The following was published as a "Voices" blog on CardioExchange, an online forum for cardiology news and discussion. The blog prompted a lively conversation, which you can access and join by registering for CardioExchange.
I've been surprised at the lack of fanfare surrounding the American Heart Association's recently published scientific statement on triglycerides and cardiovascular disease (CVD). The attention it did receive focused on the lower fasting triglyceride level that is now considered optimal: <100 mg/dL. In my opinion, the real headline was the committee's important statements in support of less drug treatment — in particular, the recommendation for a substantial increase in the triglyceride level that should trigger consideration of pharmacologic therapy.

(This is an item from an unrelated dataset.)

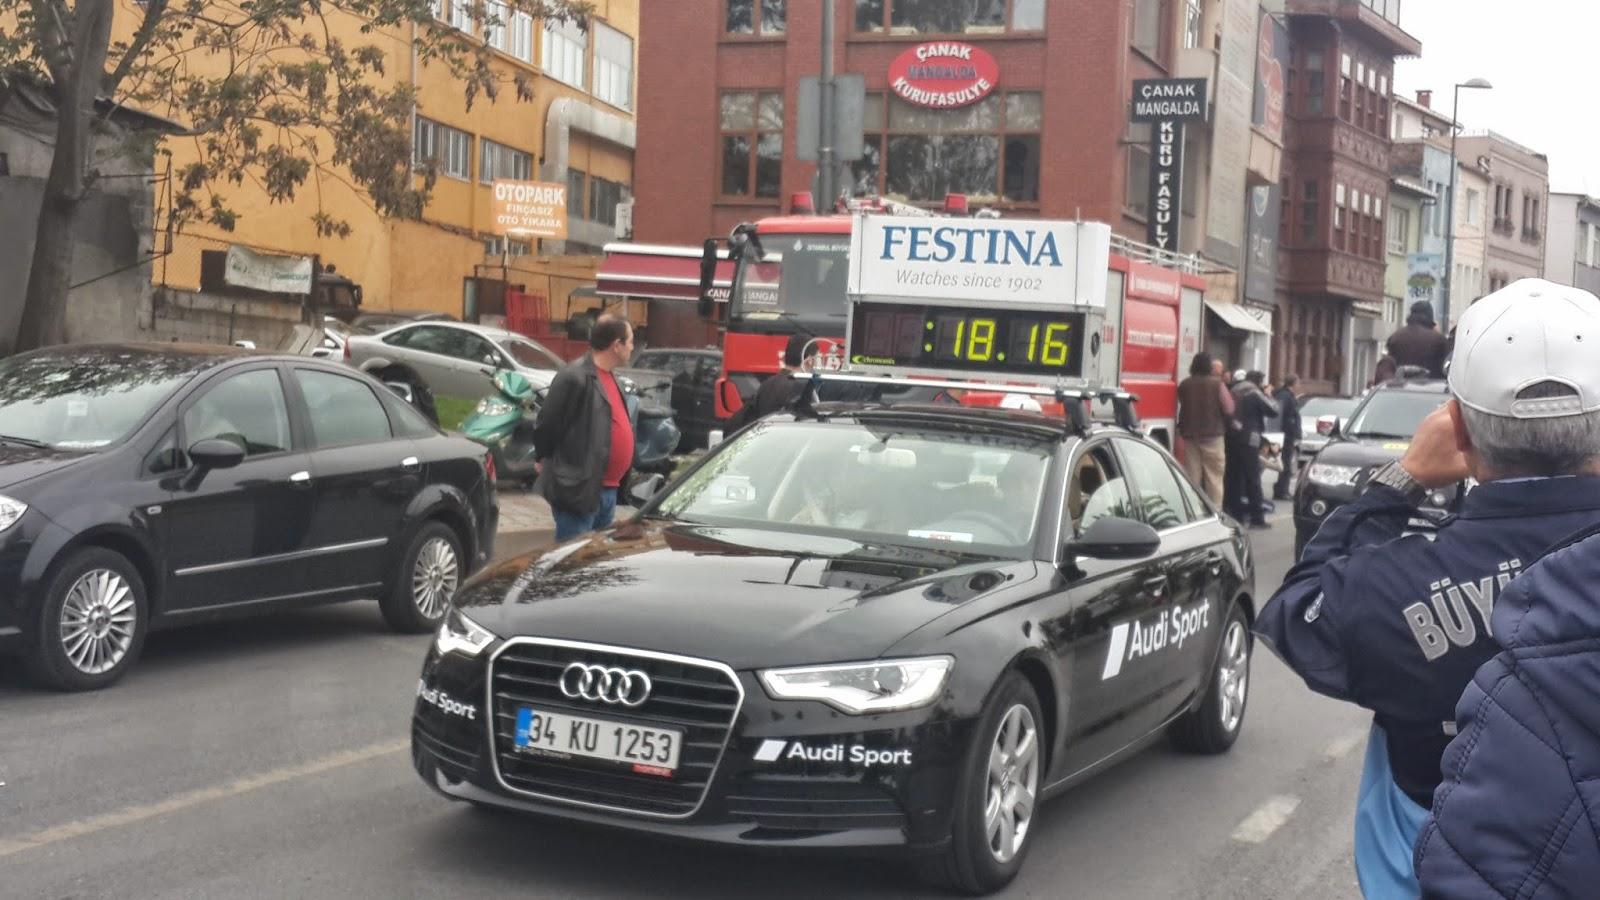 Vodafone Yarı İstanbul Maratonu 2014 Nisan Zaman Sponsoru Festina
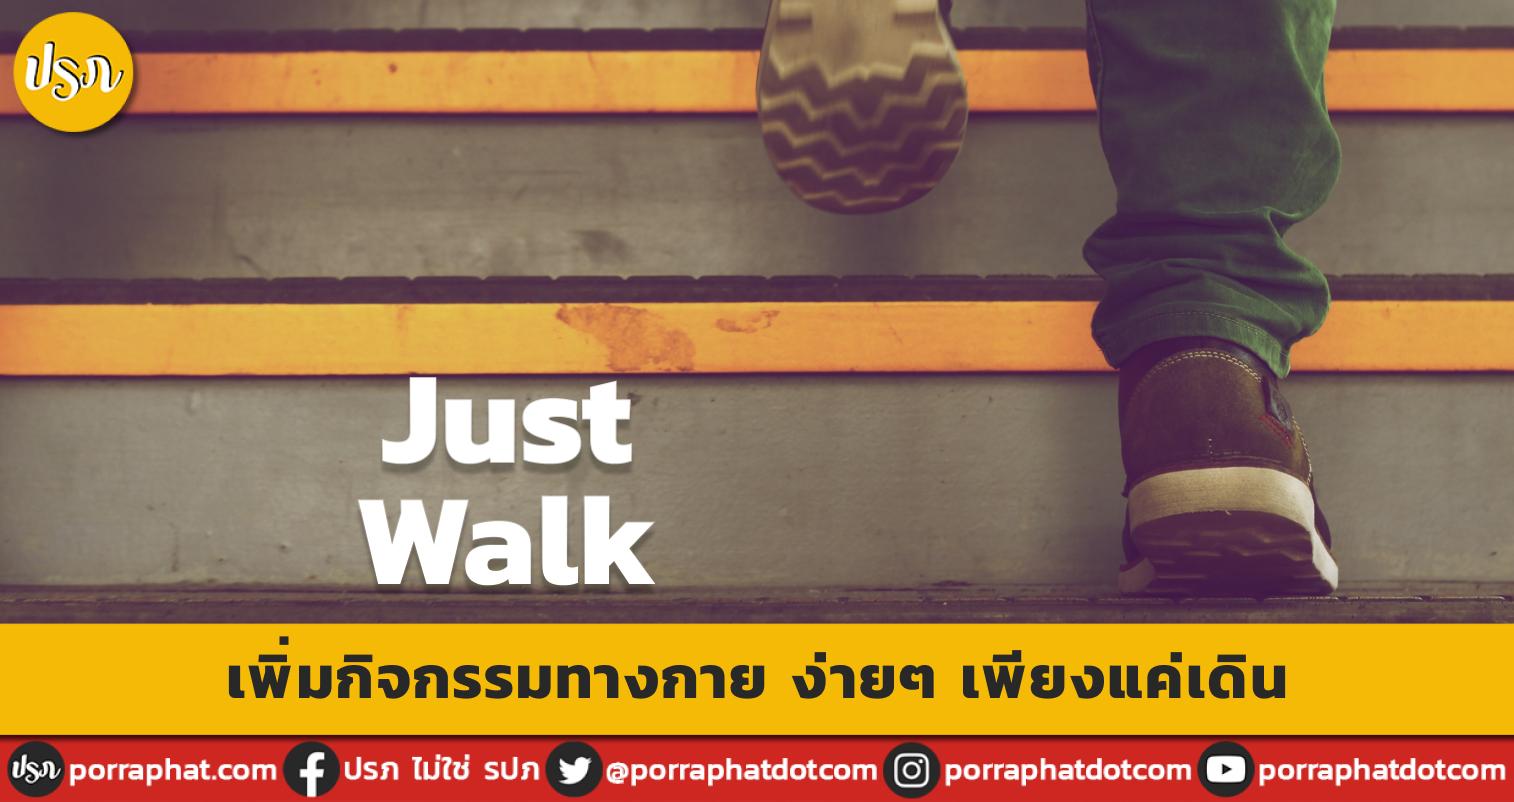 เพิ่มกิจกรรมทางกาย ง่ายๆ เพียงแค่เดิน

After a careful review of the recent literature, the committee concluded that pharmacologic therapy should not be started until a patient's fasting triglyceride level is 500 mg/dL (in contrast to the Adult Treatment Panel's recommendation of
200 mg/dL). See the figure, which also appears on page 2308 of the AHA statement.
Meanwhile, on April 20, Abbott announced that sales of its flagship fenofibrate drugs increased by 28% in the first quarter.
Two questions:
- Why are doctors prescribing fibrates with growing enthusiasm when data from negative drug trials support an increasingly conservative approach to drug treatment?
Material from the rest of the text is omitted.